### Supplied information
┄┄┄┄┄┄┄┄┄┄

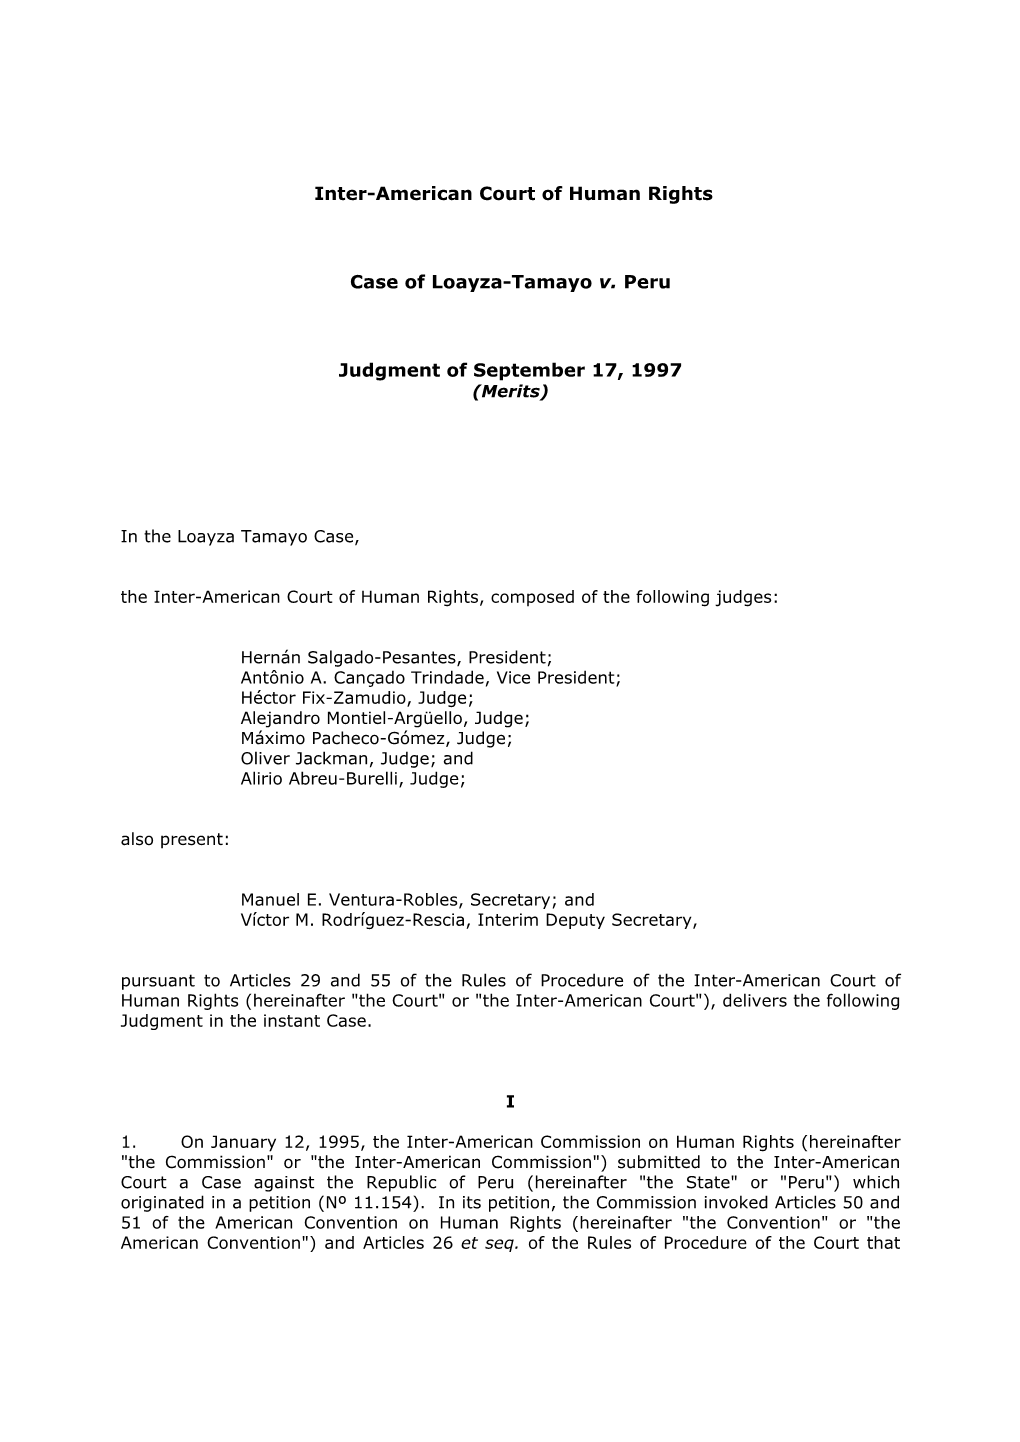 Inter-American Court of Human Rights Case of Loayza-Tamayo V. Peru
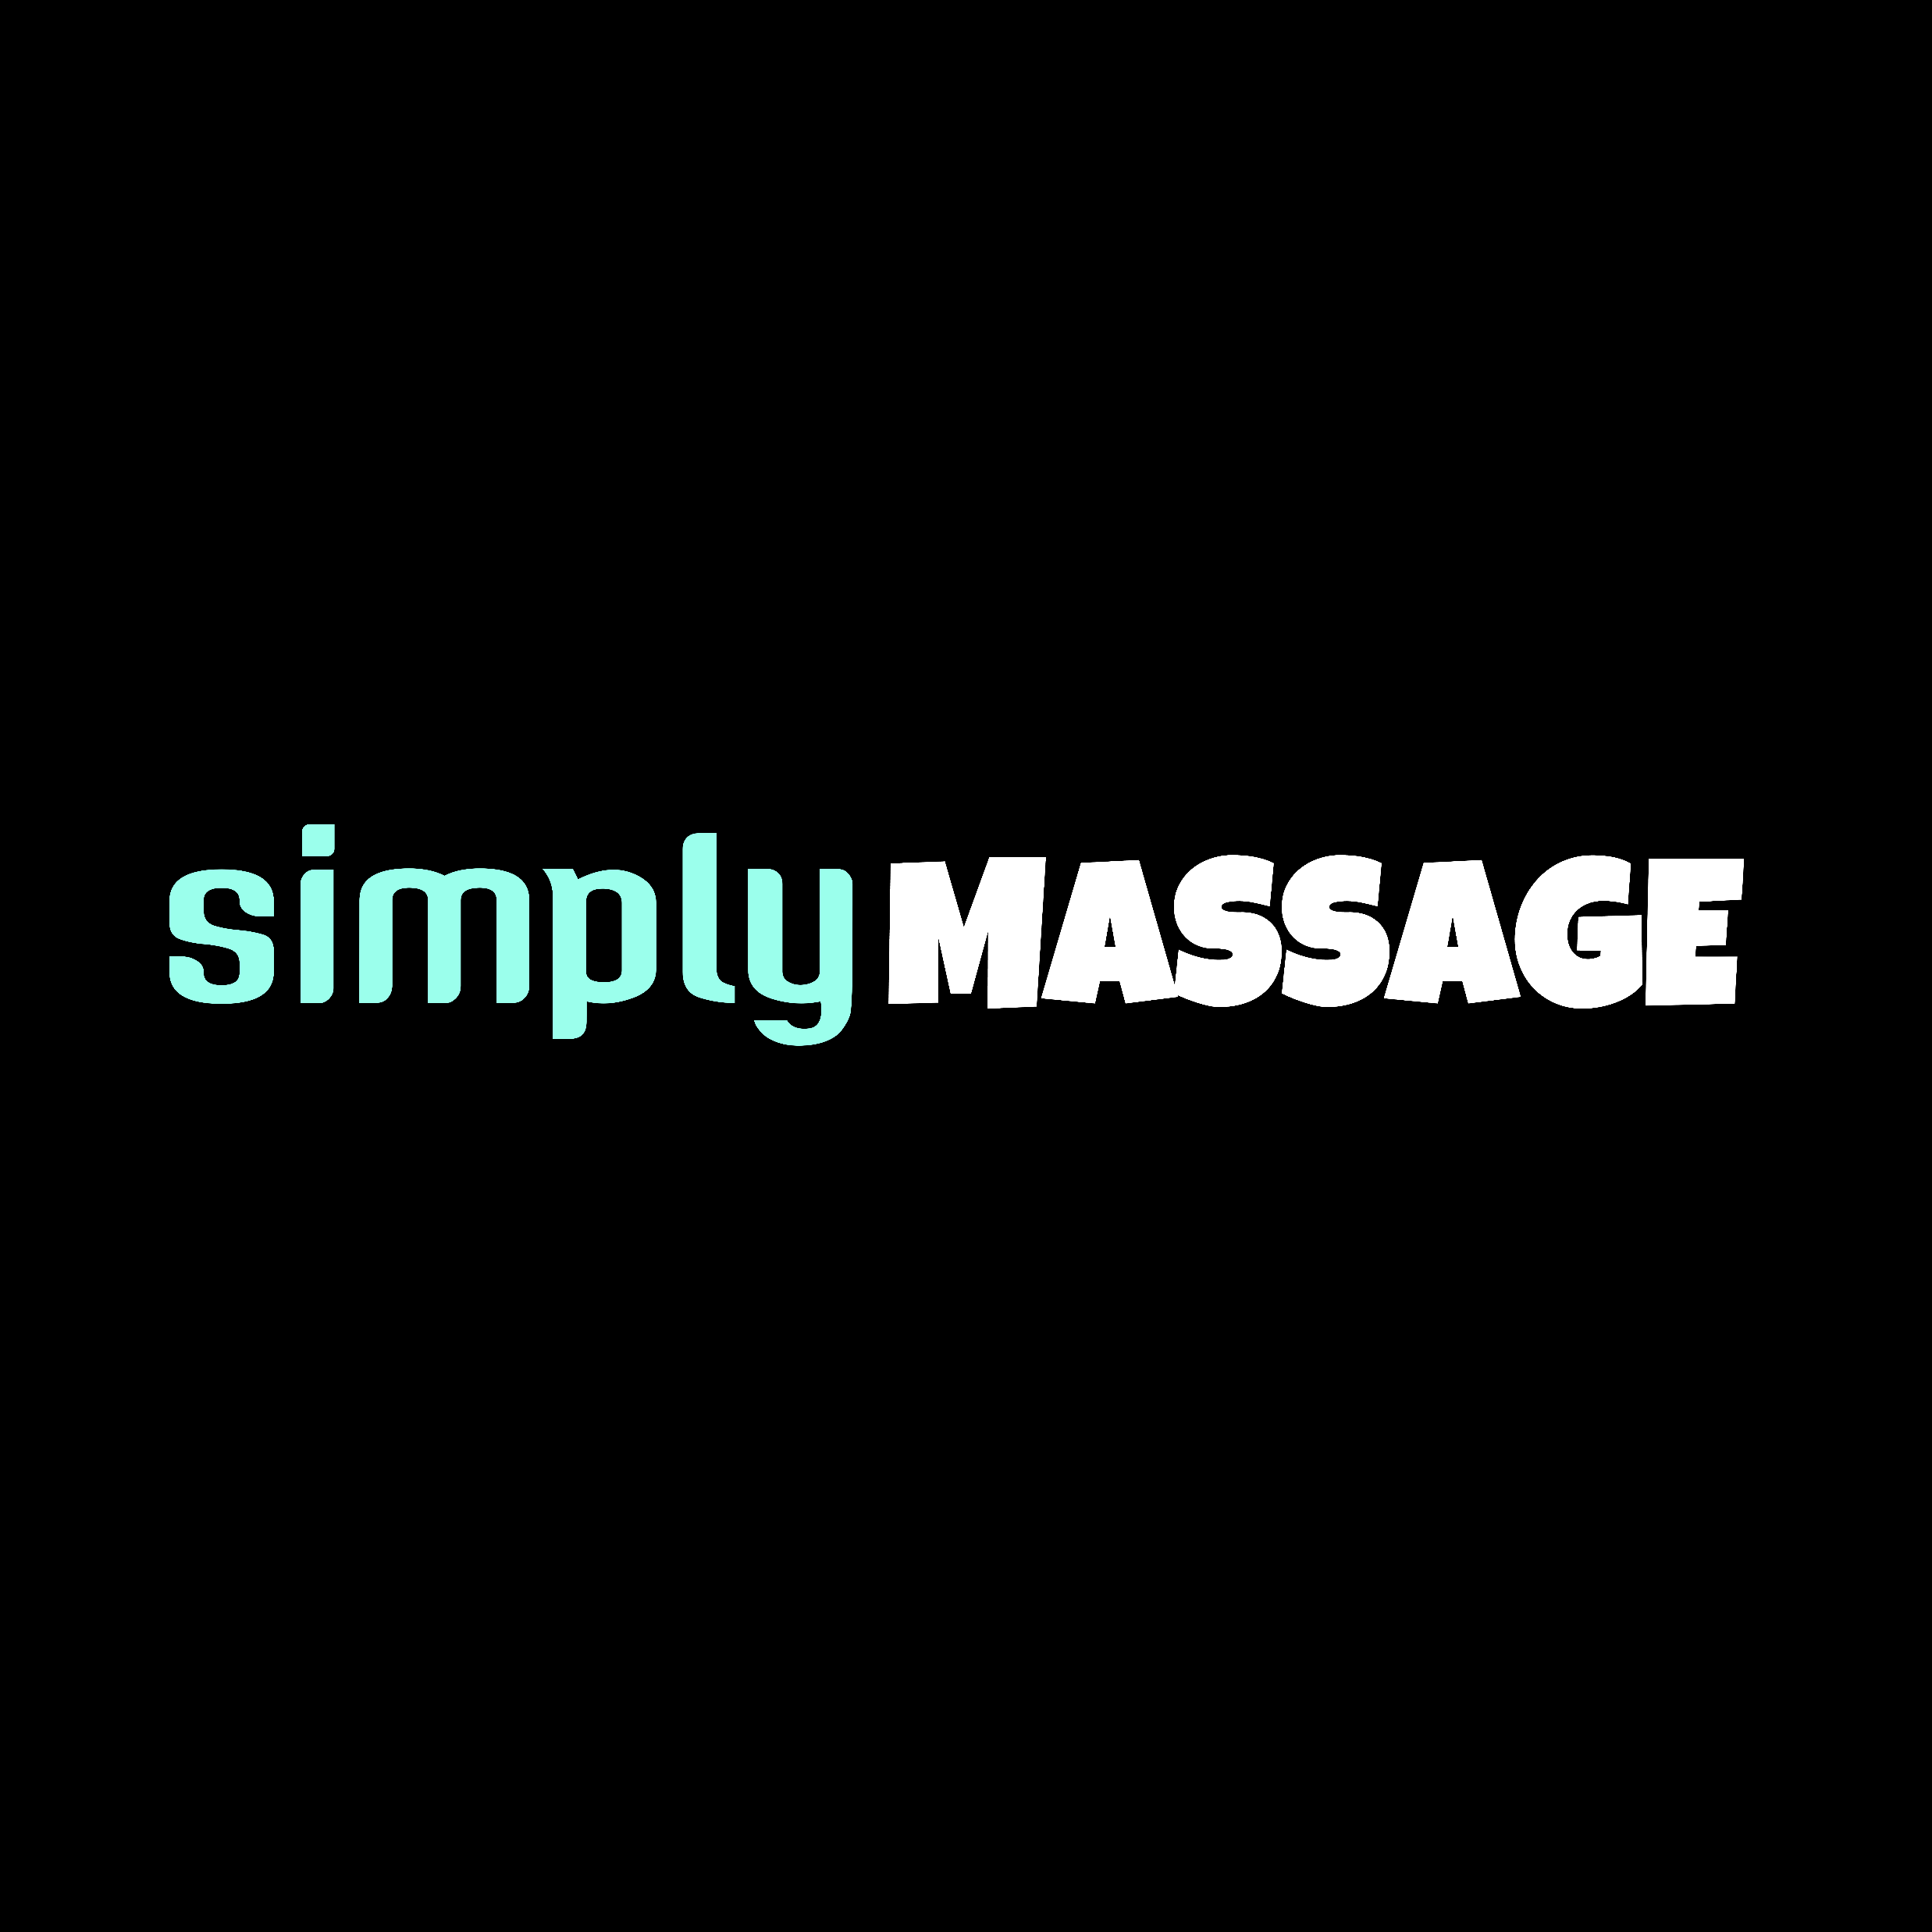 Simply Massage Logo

┄┄┄┄┄┄┄┄┄┄

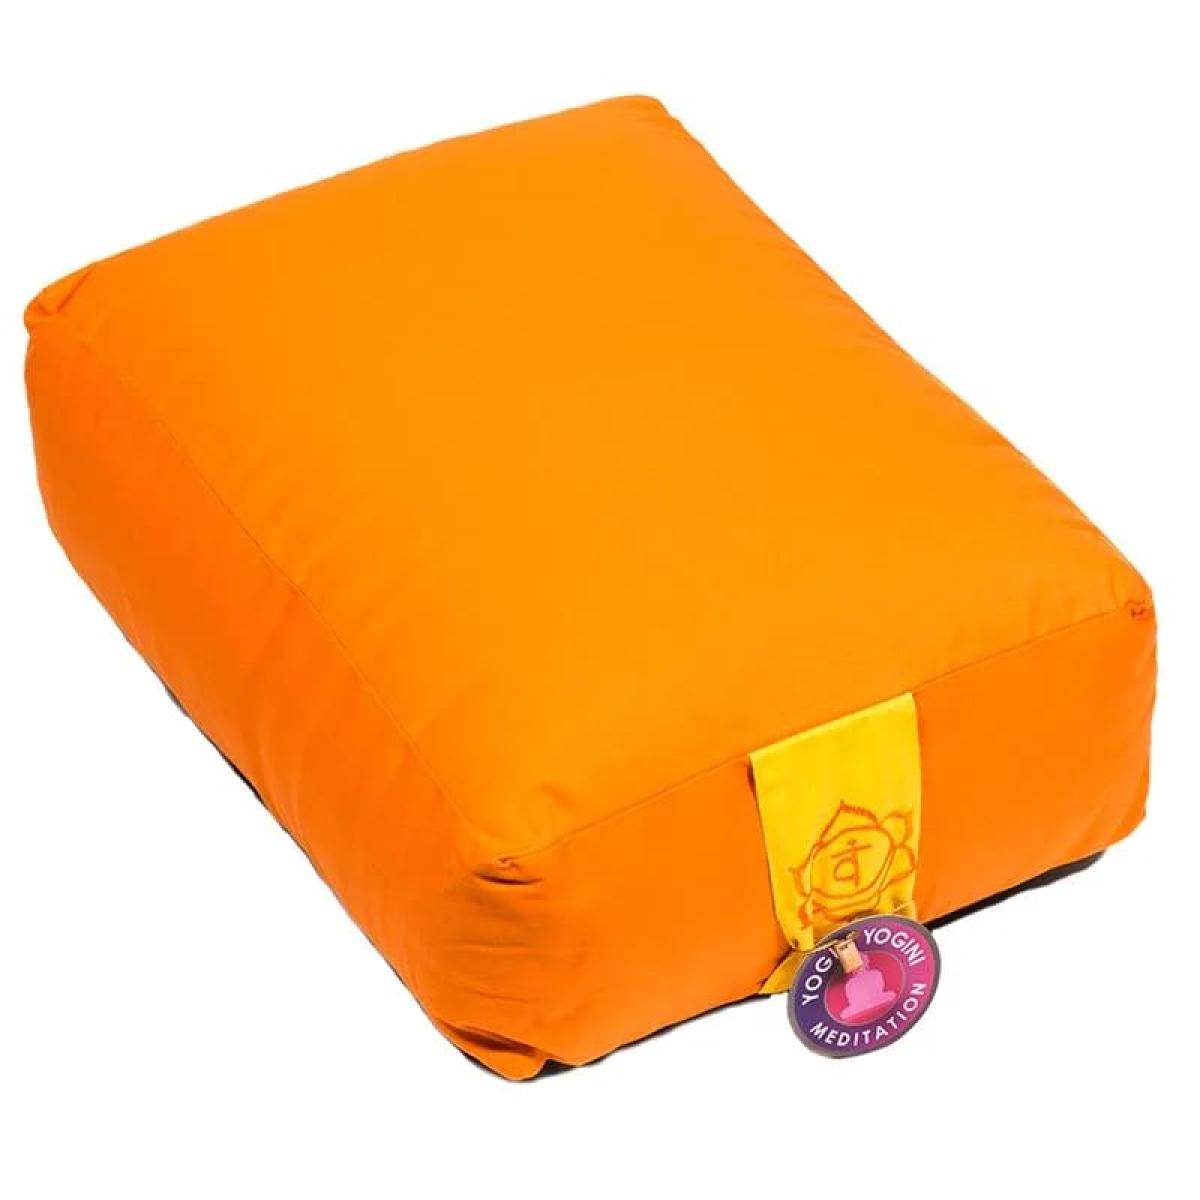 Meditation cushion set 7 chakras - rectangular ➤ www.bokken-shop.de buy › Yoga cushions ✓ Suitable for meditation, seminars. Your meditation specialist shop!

┄┄┄┄┄┄┄┄┄┄

### How to complete this task
Find the line with "Inter-American Court of" in the data above, and from there retype each line exactly through the line with "Simply Massage Logo", skipping the pictures along the way.

### Exercise solution
 Inter-American Court of Human Rights Case of Loayza-Tamayo V. Peru
 Simply Massage Logo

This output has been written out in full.